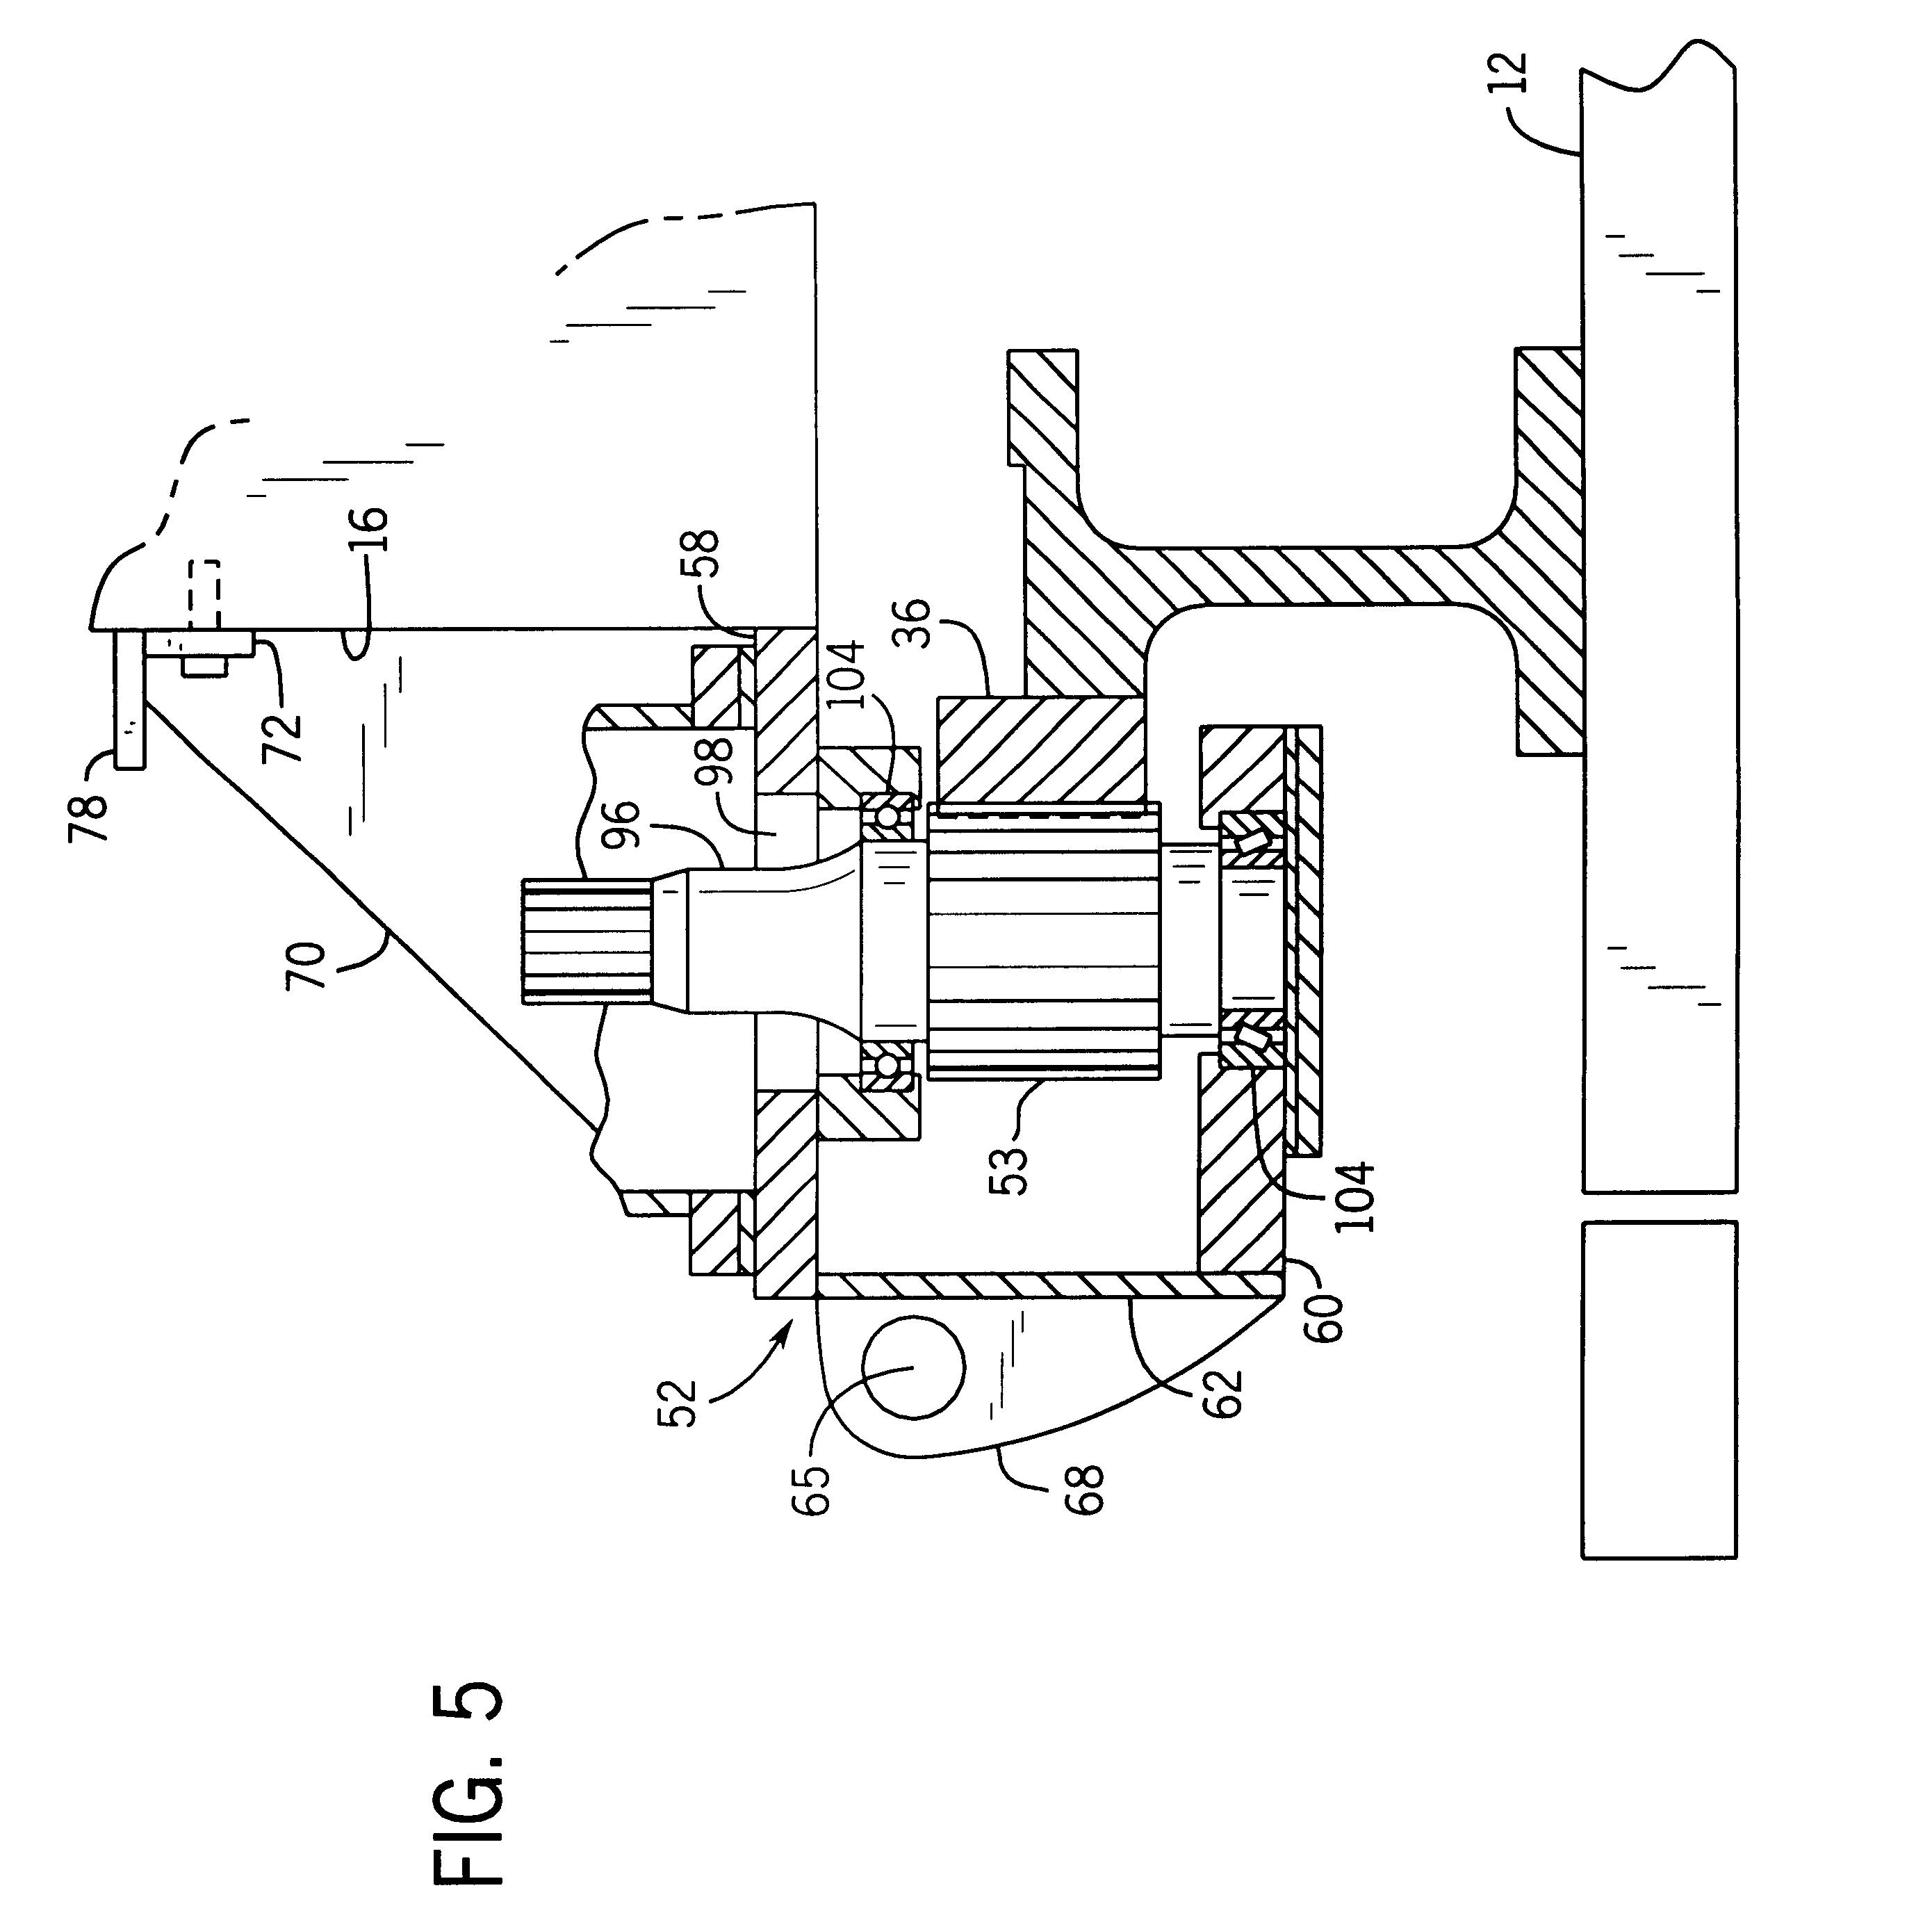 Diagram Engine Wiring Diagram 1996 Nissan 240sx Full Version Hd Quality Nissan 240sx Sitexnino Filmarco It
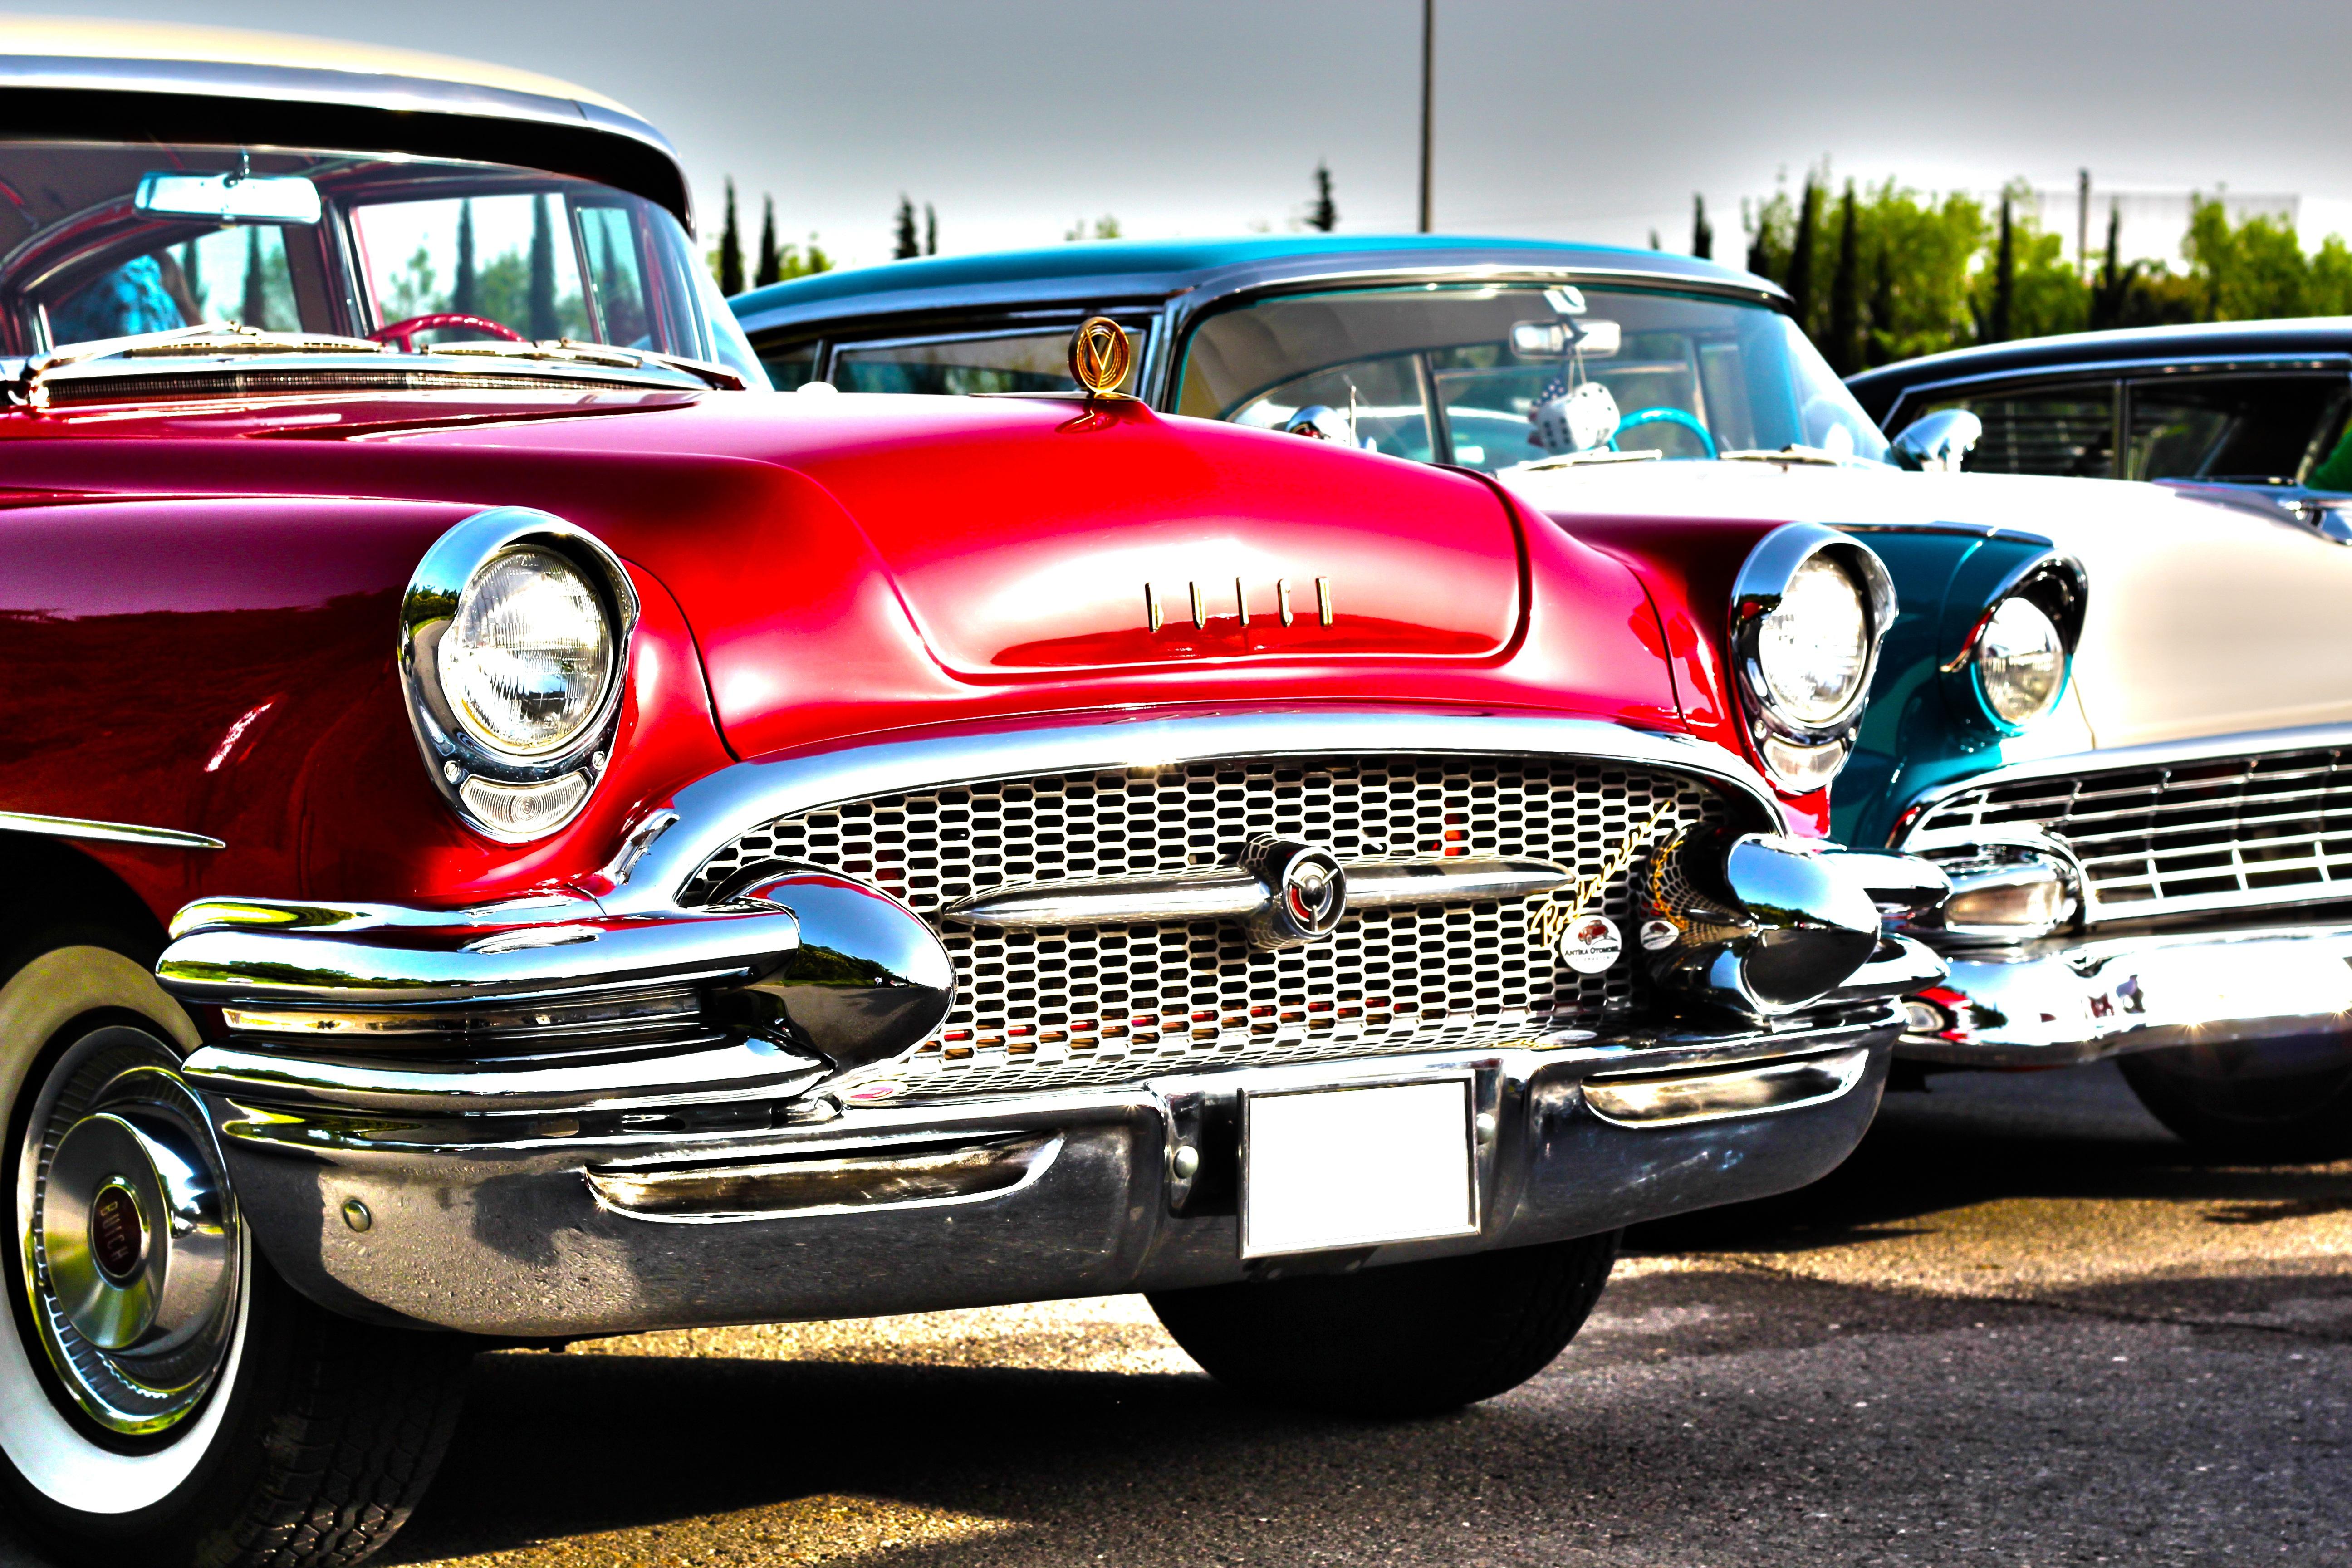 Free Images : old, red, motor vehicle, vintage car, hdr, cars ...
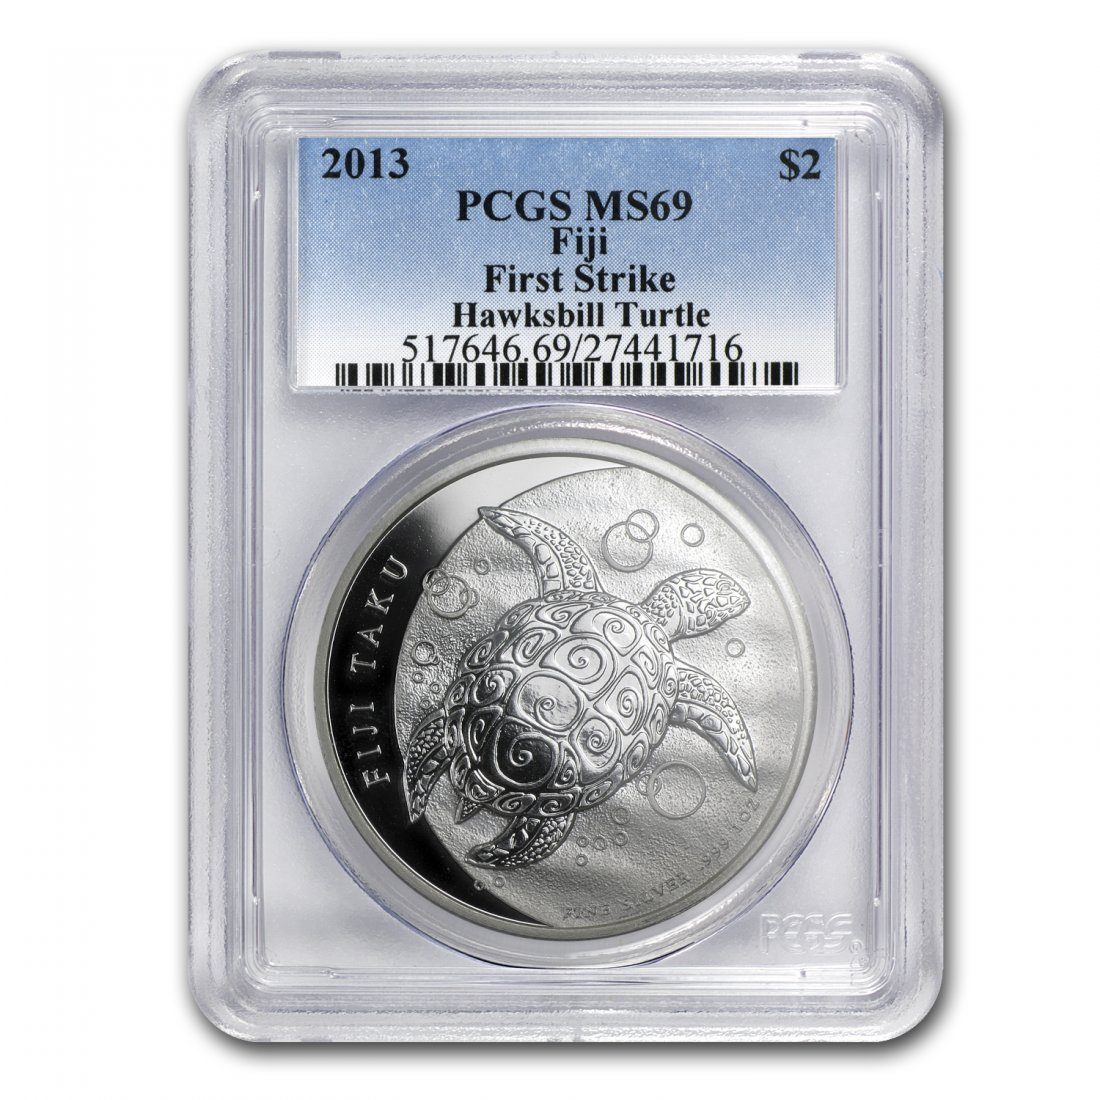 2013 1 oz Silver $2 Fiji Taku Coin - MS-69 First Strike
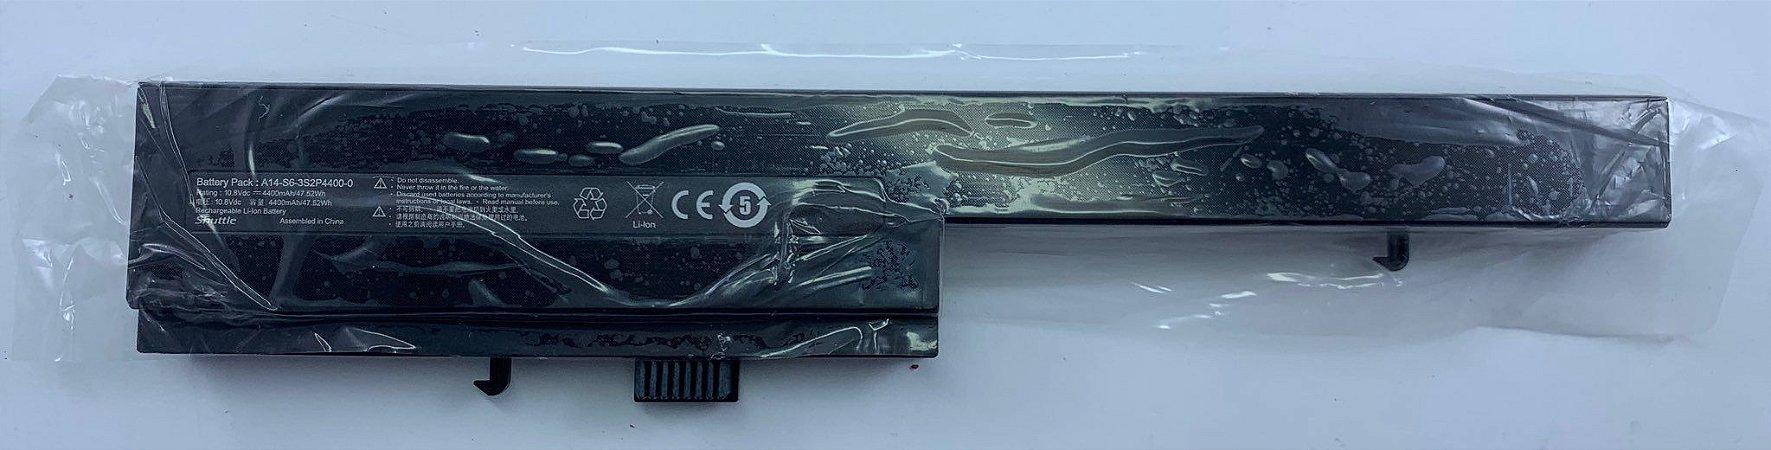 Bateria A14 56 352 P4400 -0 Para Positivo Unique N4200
+++++
» **Aim of the task**: The pictures alone are to be left out when the data above is copied; all else must match exactly.

» **Exercise output**:
 Diagram Engine Wiring Diagram 1996 Nissan 240sx Full Version Hd Quality Nissan 240sx Sitexnino Filmarco It
 Free Images : old, red, motor vehicle, vintage car, hdr, cars ...
 2013 1 oz Silver $2 Fiji Taku Coin - MS-69 First Strike
 Bateria A14 56 352 P4400 -0 Para Positivo Unique N4200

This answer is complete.